Friday, July 31, 2020

i realize i just used a term i used to use more often but don't use as much anymore.

left libertarian.

nowadays, i usually just call myself an anarchist, but i haven't clarified the point in a while. due to the co-option of the term by hard-right classical liberals, anarchism has become kind of a damaged label - i know that, i get that. but, i guess at some point i stopped caring. or, maybe i decided there was enough writing out there at that point to make the distinction unnecessary.

but, as i'm ranting about masks in a way that is not that different than the ancaps are (and, this is the rare scenario where our shared libertarianism overpowers our diametrically opposed economic views), maybe it's a good time to remind you of the point: when i call myself an anarchist or a libertarian, i use the term in a mostly french/european context, just as i use the terms liberal and conservative in very british/canadian ways. i insist that i'm using the language correctly, and that i am right to use the language correctly, but i realize that the fact that americans are hopelessly lost in backwards colloquialisms may make my writing a little hard to follow if you watch too much tv.

this is a succinct quote:
anarchism is really a synonym for socialism. The anarchist is primarily a socialist whose aim is to abolish the exploitation of man by man. Anarchism is only one of the streams of socialist thought, that stream whose main components are concern for liberty and haste to abolish the State.

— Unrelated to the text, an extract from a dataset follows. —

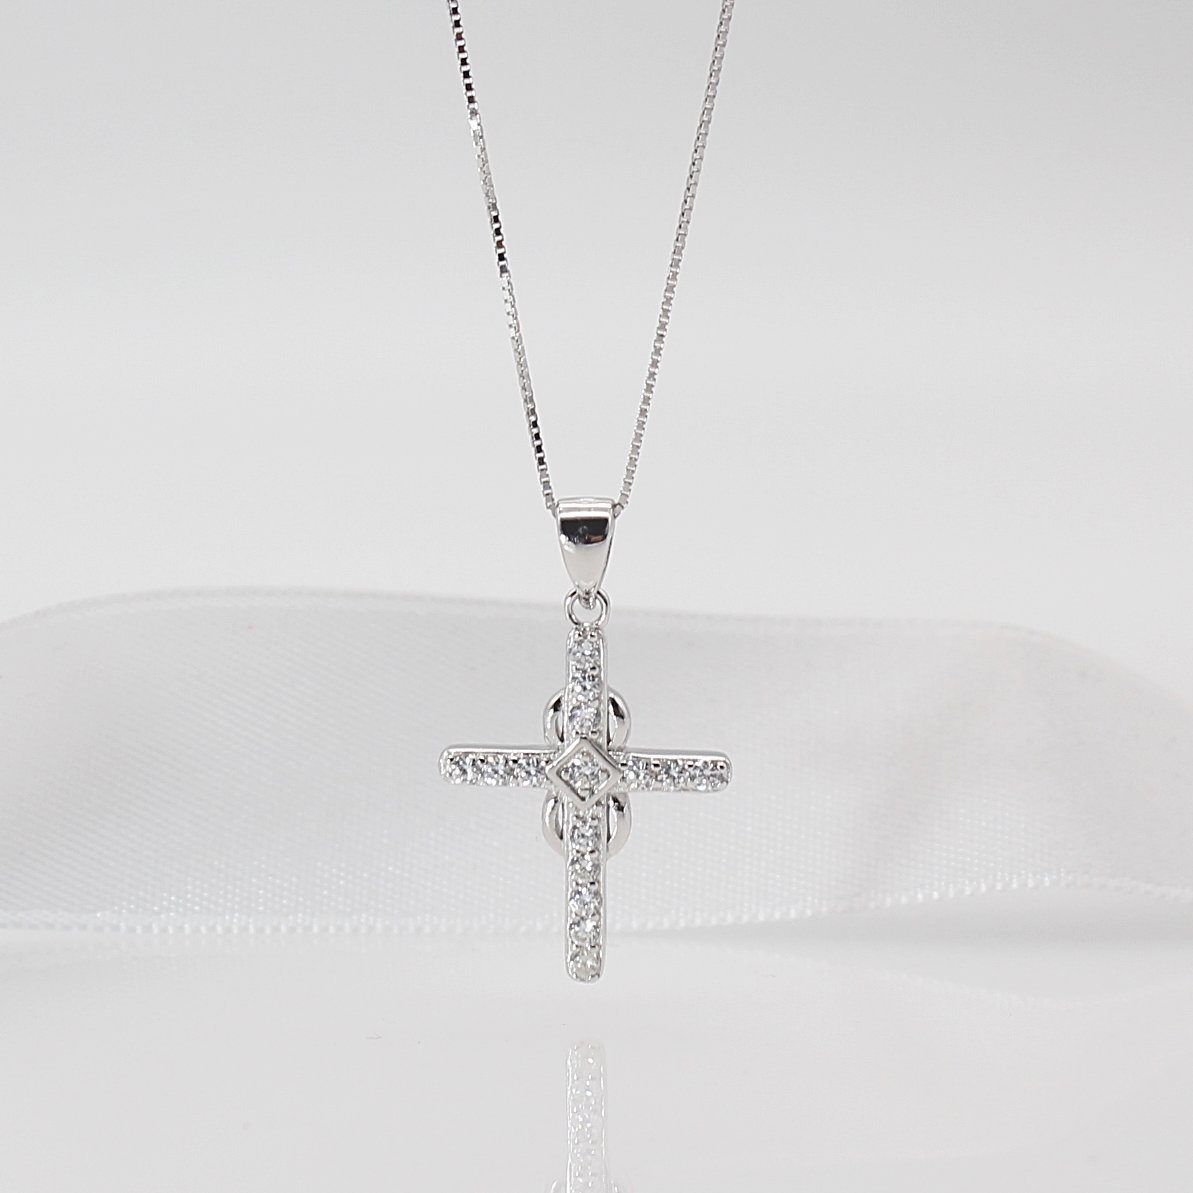 ELLAWIL Kreuzkette Damen Halskette mit Kreuzanhänger Kreuz Silberkette Kreuzkette (Sterling Silber 925, Kettenlänge 40 cm), inklusive Geschenkschachtel

that's me, isn't it? spot on.

i realize that it's a contradiction within the americanized spectrum to simultaneously argue for individual liberty and the socialization of production at the same time, but that's where we are here on the libertarian left, and we don't see it as a contradiction at all but as two halves of a greater vision for a society where people are freer to live in less statist restrictions because they've socialized the means of production.

the last thing to point out is that a lot of the confusion comes from the fact that the word socialism, itself, is so warped in the americanized spectrum. in this highly colloquial americanized spectrum, the words liberal and conservative have almost perfectly reversed meaning and libertarianism has been co-opted by what most of the world calls liberals (and americans call conservatives). so, it's only natural that the world socialism has been colloquialized as well to mean a reference to big government, when socialism has always been about abolishing government everywhere else in the world.

so, of course you're confused - you don't really understand what any of the words i use mean, because you've managed to destroy the meaning of virtually all of them.

but, i'm not going to conform to your colloquialisms, i'm going to insist on the proper terminology and demand you try harder to keep up.